第125章 夫人想听曲?我会呀
第一百二十五章 夫人想听曲?我会呀
俗话说穷家富路,祝家兄弟俩出门前,除公账支取的银两外,老太君额外从私库给了五百两作花销。
给这笔银子的时候,是一早一晚分开给的,又特意嘱咐他们别声张。
兄弟俩互相不知道对方也有五百两。
多大的人在母亲面前都是孩子,两人心里美滋滋的,觉得这是母亲偏爱自己的证明。
果然,不算妹妹的话,母亲最喜欢的就是我了!
这般想着,二人嘴角的笑意藏都藏不住,连收拾行装时脚步都轻快了几分。
不过,二人直到上了马车,也依旧不想出这趟门。
本以为请事假数月上峰不会批,哪曾想竟是痛快应允了,如此之下,更没了拒绝的理由。
兄弟俩不得不出发,一个回老家祭祖,一个去看望三弟。
“娘,三弟不在淮南,他在岭南,我不从安丰城经过。”
祝二爷接过一沓子信,仔细按地点分类好,看到一封要送安丰城的信。他如此说着。
之前母亲说淮南,他还以为是母亲口误,眼下再看,母亲应当是记错了。
再往下翻,还有三四封信不在他的路线计划内。
老太君沉下了脸色:“老二,你的意思是我这些信白写了?”
见母亲要生气,祝齐/心里一紧,麻溜将信收好,忙赔笑脸道:“娘,哪能啊,拐个弯儿的事,儿子保证送到!”
话说得欢快,心里却在郁闷,好麻烦!这般一来,路程又得耽搁八九天了。
一旁的祝大爷不吭声,他已经接受现实了,
老太君目送着两个儿子坐马车离开,眉头紧皱的模样让祝歌以为母亲在忧心,正欲安慰,却听母亲很是嫌弃地说道:“你这两个哥哥,最爱偷懒,昨儿还跟我说想让承岳和望舒去!”
祝承岳和祝望舒分别是祝大爷和祝二爷的儿子,前者正在相看人家,准备谈婚论嫁,后者拜了辞官归隐的翰林周夫子为师,在深山书院读书。
“这俩混账也真好意思开口!”
一个婚事要紧,一个学业为重,哪里有半分可挪动的余地。
老太君边说边摇头,三个儿子没有一个省心的。
让两个儿子帮忙做事是一方面,老太君也有自己的盘算——她怕二人被有心人算计。
眼下这局面看似平静,实则内里暗涛汹涌,不如让他们走得远远的,先离开盛京这个是非之地。
眼不见心不烦,也能保个一时安稳。
至于信件,里面所写内容老太君用了暗语,旁人看了也看不懂真正的意思,只当普通来往信件,不会引起疑心。
“我交代他们了,丢一封信,日后他们房里公中的月银便少一成。
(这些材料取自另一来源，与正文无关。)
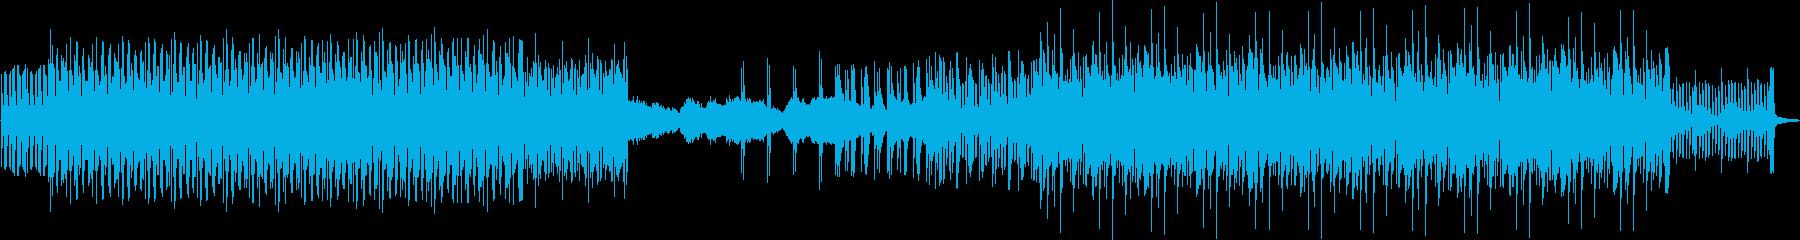 緊迫感とドライブ感のあるミニマルテクノの再生済みの波形

”
银子很重要,兄弟俩对这点认知相同,他们也清楚母亲说得出便做得到。
只一个月少一成便罢了,若月月都少,全房上下人人受影响,那可不行!
兄弟俩上了马车,把信件妥帖地收了又收,心想,这可万万不能出岔子。
接着,老太君又主动提起了文心街的铺子。
见女儿对商铺上心,她着重交代了各地商行的经营规矩,以及侯府常年往来的人情脉络。
这些嫁妆在未交到祝歌手里的时候,都是由老太君掌管的。
当年老侯爷在外征战,侯府很多家底都是老太君一手攒起来的,里里外外操持得妥妥帖帖,硬是撑起了整个侯府的门面。
即便祝歌很有经商头脑,听到母亲传授一些她的经验后,仍旧受益匪浅。
母女俩聊着话,祝歌注意到锦绣在门口探头探脑,明显是有事要说。
正好到了老太君每日去佛堂抄金刚经做功课的时候,祝歌便起身告辞回府了。
走出院子后,锦绣前后看了看,见周围没人她道:“夫人,刚刚有人给奴婢传纸条!”
说着,锦绣把纸条拿出来给祝歌看,只见上面歪歪扭扭写着:定国将军在妙音阁二楼包厢与人私会。
妙音阁以音律表演闻名,公子小姐文人墨客们爱在这里相聚,附庸风雅,觥筹交错。
——也很适合幽会。
僻静包厢隔音极好,帘幕低垂,最是藏得住私密勾当。
“门口护卫过来传话,奴婢还以为是卖糕点的张大娘,还想着对方找自己有什么事,结果出去一看,奴婢压根不认识她,她塞给奴婢一张这个字条就跑了……”
锦绣皱紧眉头,眉眼中满是担忧。
放在以前,这种字条她绝对不会拿给夫人看,但现在不一样,锦绣心中夫人能够解决一切难题!
且夫人也说过,有事要跟她讲,这样才有解决的办法,若是隐瞒着自作主张,到时候真出什么事,她不会管。
是以她丝毫没犹豫,当即就来禀报。
“这字条要么是找刚学字的孩童所写,要么就是用不擅长的左手写的。”
害怕被认出笔迹,说明没什么可用的人,行事鬼祟,和裴烬感情有关……
祝歌眸色一沉,道:“走,去见识见识。”
陷阱?
就看这挖出的坑最后是装谁!
祝歌来到妙音阁,刚迈进门槛,掌柜便立马迎了出来。
看到掌柜那谄媚的笑,祝歌记忆一下想起来了。
过去原主可是这里的大客户,常来听曲,二楼还有属于她的位置最好的专属包间。
自打祝歌来了后,再没到这里听过曲。
祝歌:……
怪不得一进门,台上抚琴的琴师就一脸幽怨地望着自己!
正好一曲终了,琴师相久抱琴走来,对着祝歌垂首行礼,语调柔声道:“夫人,许久未见,近来可好?”
相久身形清瘦单薄,一身素袍衬得他文质彬彬,眉眼温润如玉,气质清雅绝尘,恍若月下谪仙。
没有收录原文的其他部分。